# Wie kann ich Dienste wieder starten?



## Metal-Phoenix (8. Juni 2005)

Also,
bei mir sind anscheinend einige Dienste deaktiviert.Doch ich kann sie nicht mehr aktivieren.Sprich: Ich geh unter ausführen und geb services.msc ein.Dann kommt ja dieses Fenster mit den Programmen.Und da stehen auch welche,die nicht gestartet sind.Wenn ich rechtsklicke,steht dort: Der Dienst X (zb."Windows-Firewall/Gemainsame Nutzung der Internetverbindung") auf "Lokaler Computer" konnte nicht gestartet werden. Fehler 1068: Der Abhängigkeitsdienst oder die Abhängigkeitsgruppe konnte nicht gestartet werden.
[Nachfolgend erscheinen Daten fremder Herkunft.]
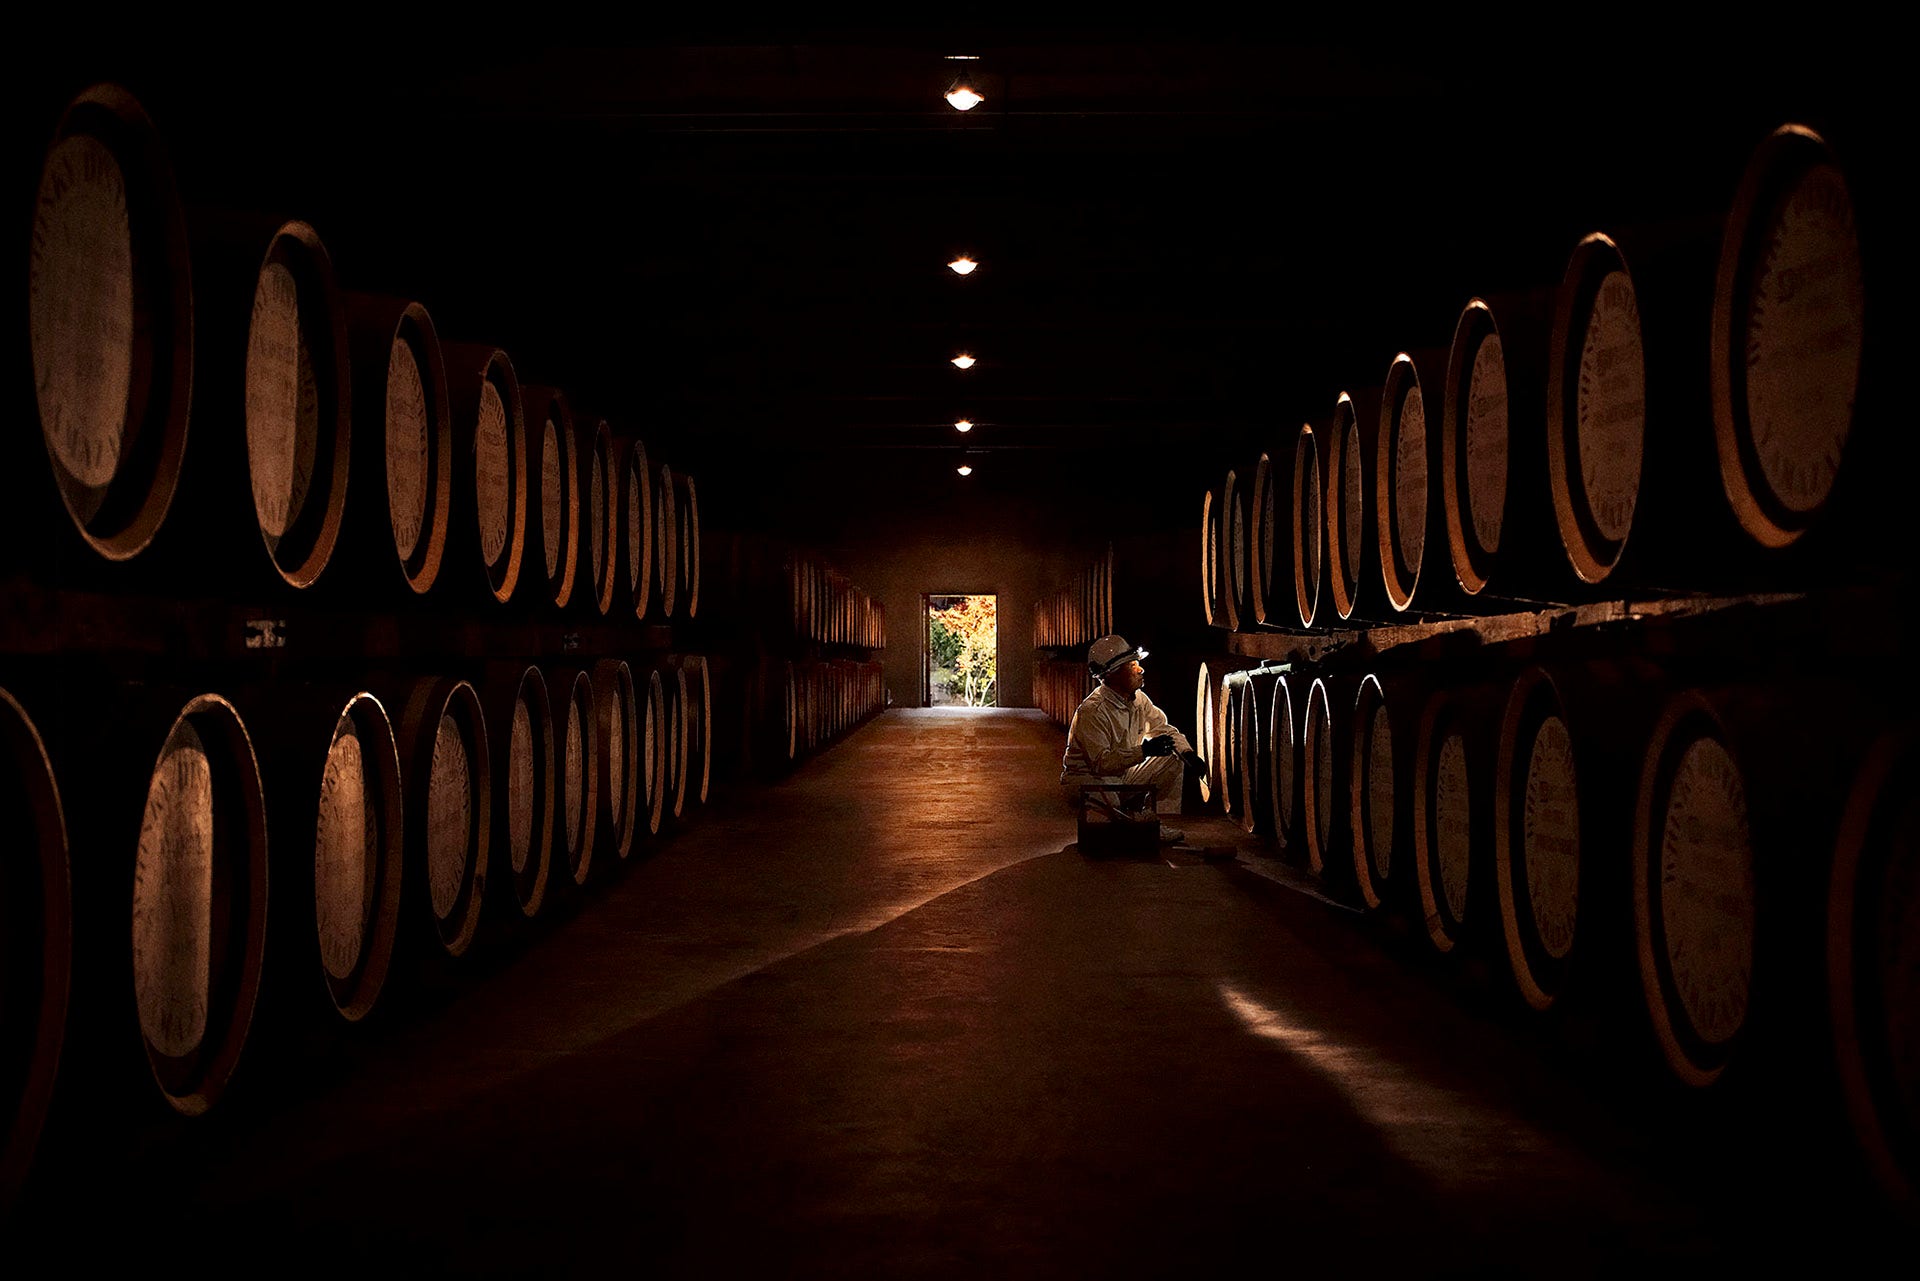 Dark shot of barrels with a door in the background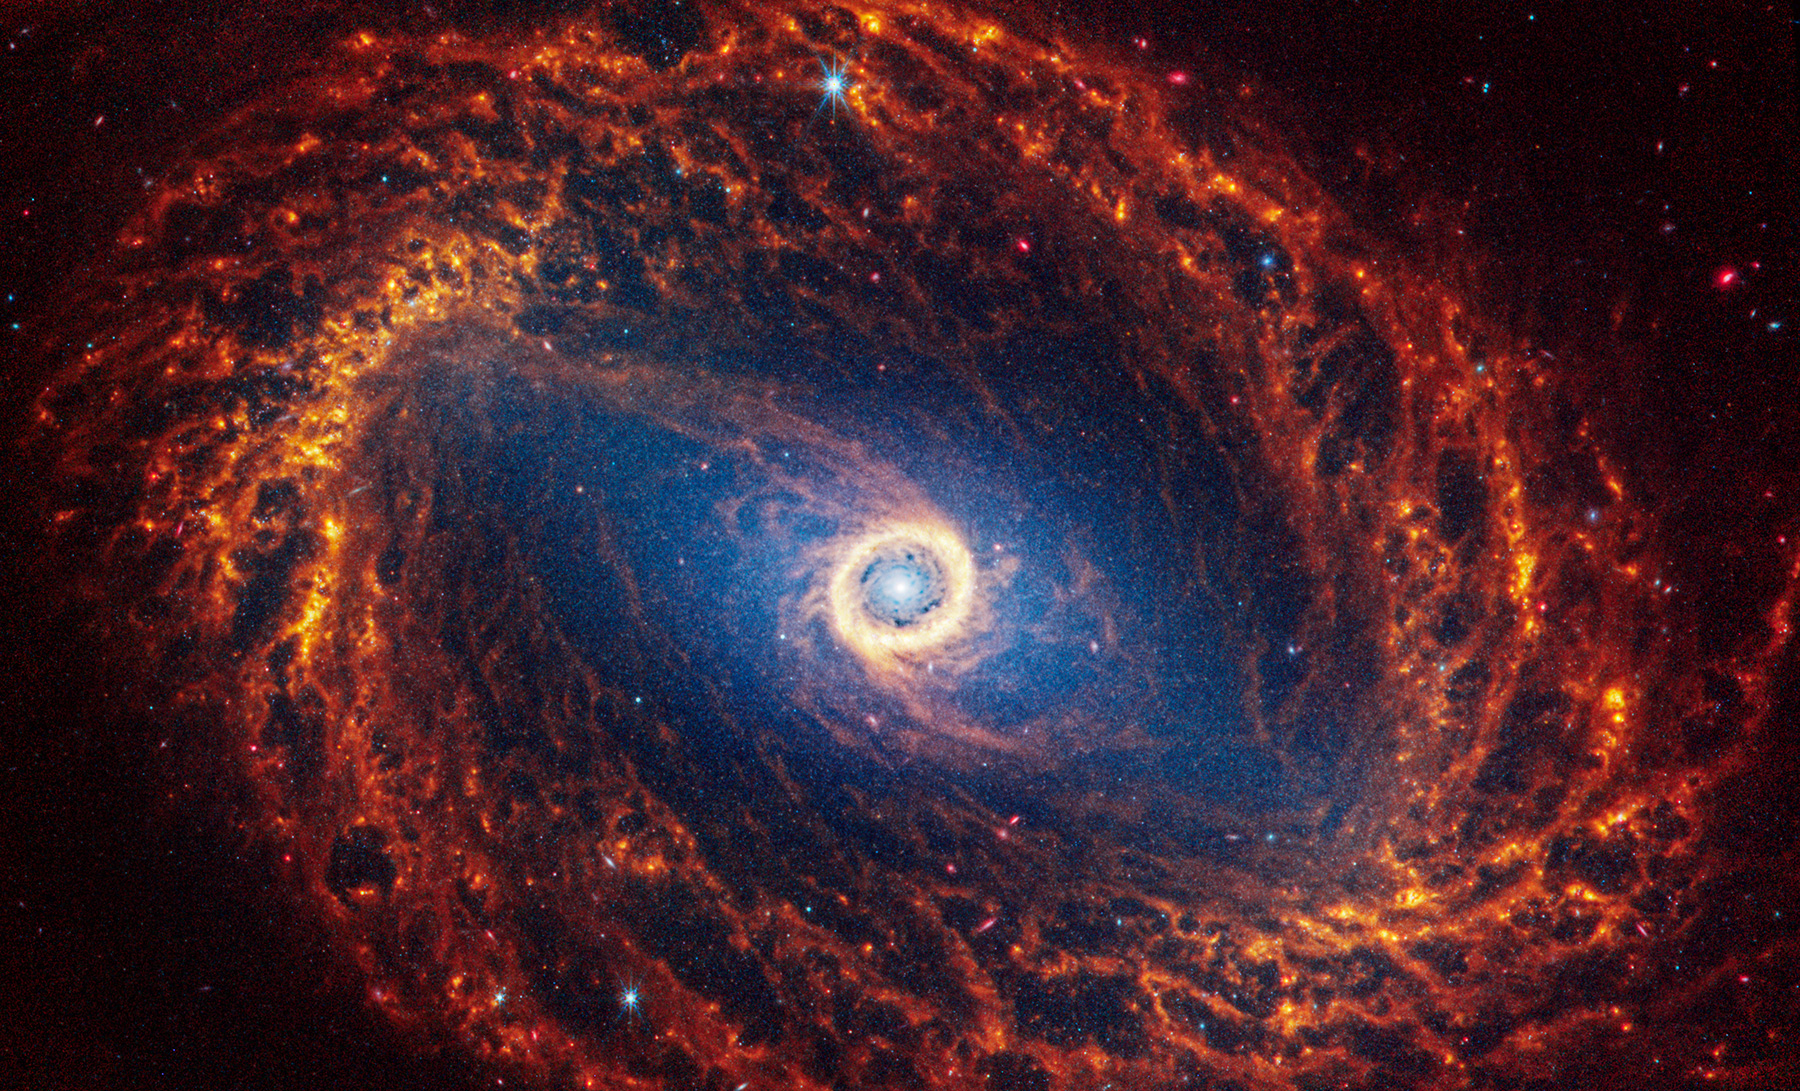 Галактика NGC 1512 в созвездии Часы. Находится на расстоянии около 30 млн световых лет от Солнечной системы. Яркое кольцо в центре галактики&nbsp;&mdash; это недавно сформировавшиеся звезды

Meine Frage lautet nun,ob jemand hier weiss,was ich dagegen tun kann,bzw. wie ich die Dienste starten kann.

MfG und Danke im Voraus


----------



## Dexter (8. Juni 2005)

warum schaust Du nicht nach den Abhängigkeiten?

der Dienst braucht "Windows-Verwaltungsinstrumentation" und dieser "Remoteprozeduraufruf (RPC)" 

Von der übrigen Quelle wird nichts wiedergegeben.